Make hiring less of a time suck:

Employ a chatbot.

Built with natural language processing and machine learning, a chatbot can field the repetitive questions candidates have, screen for basic qualifications, and schedule interviews.

Automate the courtship.

  • Mya chats up interested and passive candidates, then screens, qualifies, and sends a conversation transcript to your applicant tracking system. If you greenlight an interview (or she does), she'll find a time that works for everyone on the team, coordinate with the hopeful hire, and update everyone's calendar.

Woo via text.

  • IBM's Watson technology drives TextRecruit's chatbot Ari. But humans can also step in and send personalized text messages at scale. More than a third of applicants respond to the texts within 12 minutes.

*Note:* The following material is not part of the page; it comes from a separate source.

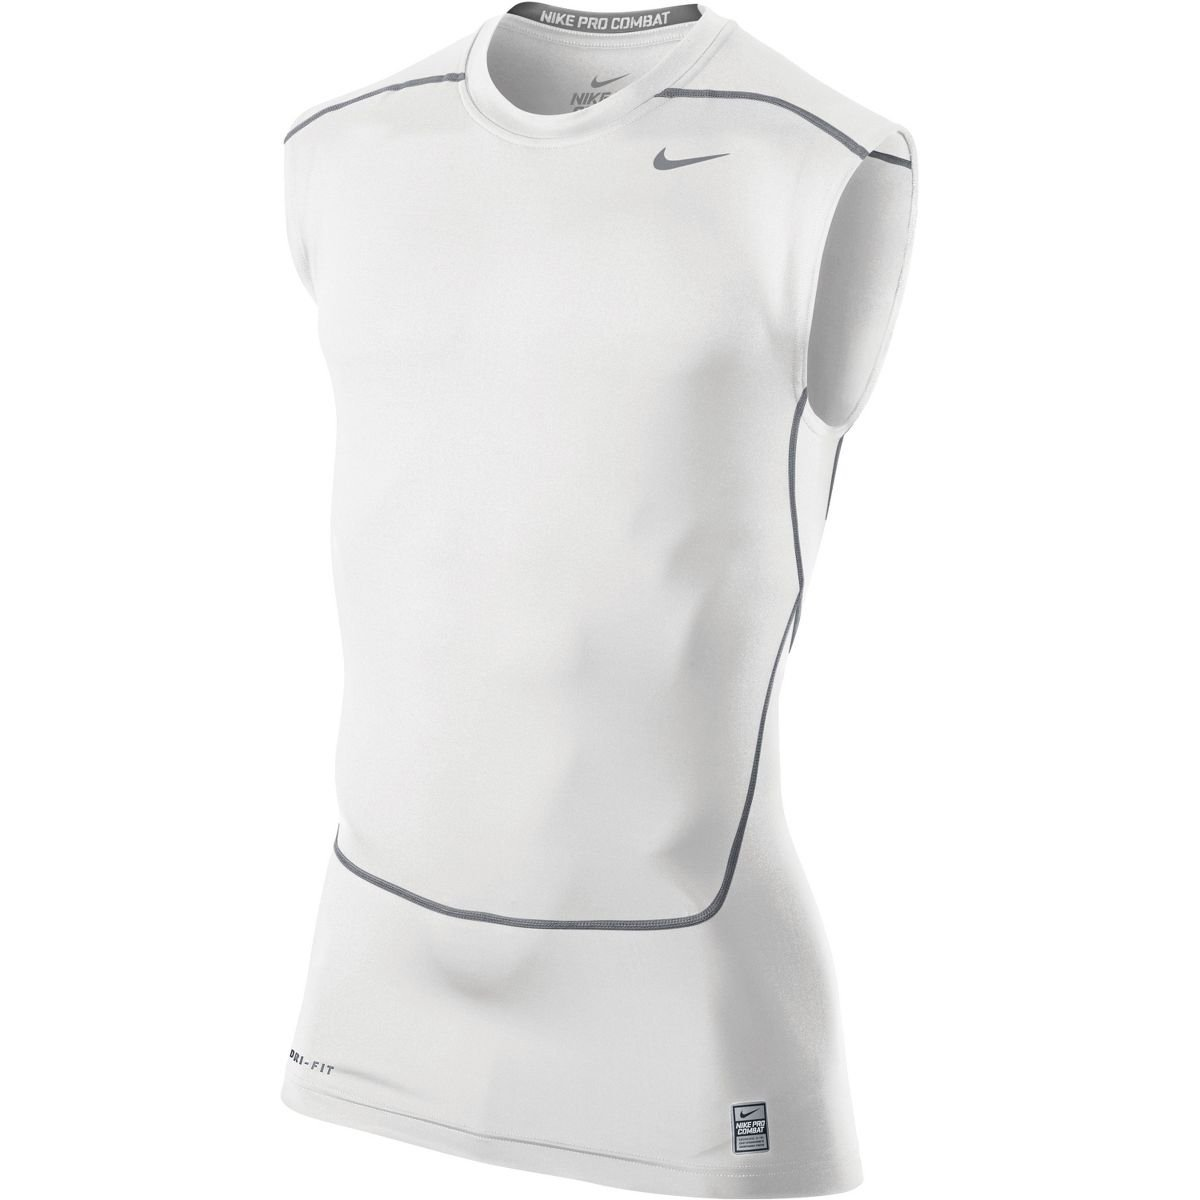 Nike Men's Pro Combat Core 2.0 Compression Sleeveless Top 533324,3XL, White

Get yourself an HR assistant.

  • HiringSolved's Rai app, still in beta mode, currently communicates with recruiters, which means your hiring team can put it to work--finding candidates, refining your search, and interfacing with your email for outreach.

Let your bot roam free.

  • What sets Paradox's Olivia chatbot apart is that people don't have to be in the applicant tool to engage with her. They can lob questions her way-- Why should I work at your company? What's the culture like? How's the vacation policy?--through Web, mobile, or social channels.

A better way to size up talent:

Try to clone your top performers.

  • Pymetrics leads your best employees through a series of neuroscience games to gauge traits--like risk-taking, focus, and fairness--and then candidates are put through the paces. Algorithms score how closely their traits align with those of top team members. Tesla, Unilever, and LinkedIn have jumped on this gamified AI platform.

Predict the future.

  • Other basic tools can scan a resume. But Uncommon, which moved out of beta in February, has a predictive element: Using a candidate's previous experience-- and redacting names, ages, and schools--the AI platform creates a merit-based profile. It ranks how well that person will meet or exceed job requirements, even if his or her resume doesn't include a given skill. Before launching Uncommon, the team trained the platform on more than 50 million resumes and six million job descriptions. Then it had companies like Amazon, Lyft, and Etsy take it for a ride. When humans reviewed the platform's picks, they were in agreement 98 percent of the time.

Put on your bias blinders.

Many hiring managers default to Ivy Leaguers, or weed out those with attributes not similar to the age or ethnic makeup of their company. Don't leave incredible talent on the table just because they don't look like you.

  • Airbnb and Twitter, among others, have tested Blendoor, which captures candidate data from whatever applicant tracking system you're using, and then removes info such as names, photos, and dates. This strips out details like race, age, and gender.
  • Does a female voice or a foreign accent affect your hiring decision? Not with Interviewing.io, which runs interviews using voice-masking tools for tech candidates who pass rigorous mock interviews. Twitch, Lyft, and Asana are early embracers.

Test their skills, not their talking points.

  • You can set up coding interviews (even if you don't know how to write code) with Filtered's database of thousands of exercises, ranging from basic to advanced.
  • GapJumpers steers job descriptions away from subjective filler like "passion" and "team player," and creates objective tests for candidates, pulling from more than 4,000 skill challenges. "This takes away the fear that hiring managers will lower the bar for quality, because they see the quality before they see the person," says CEO Kedar Iyer.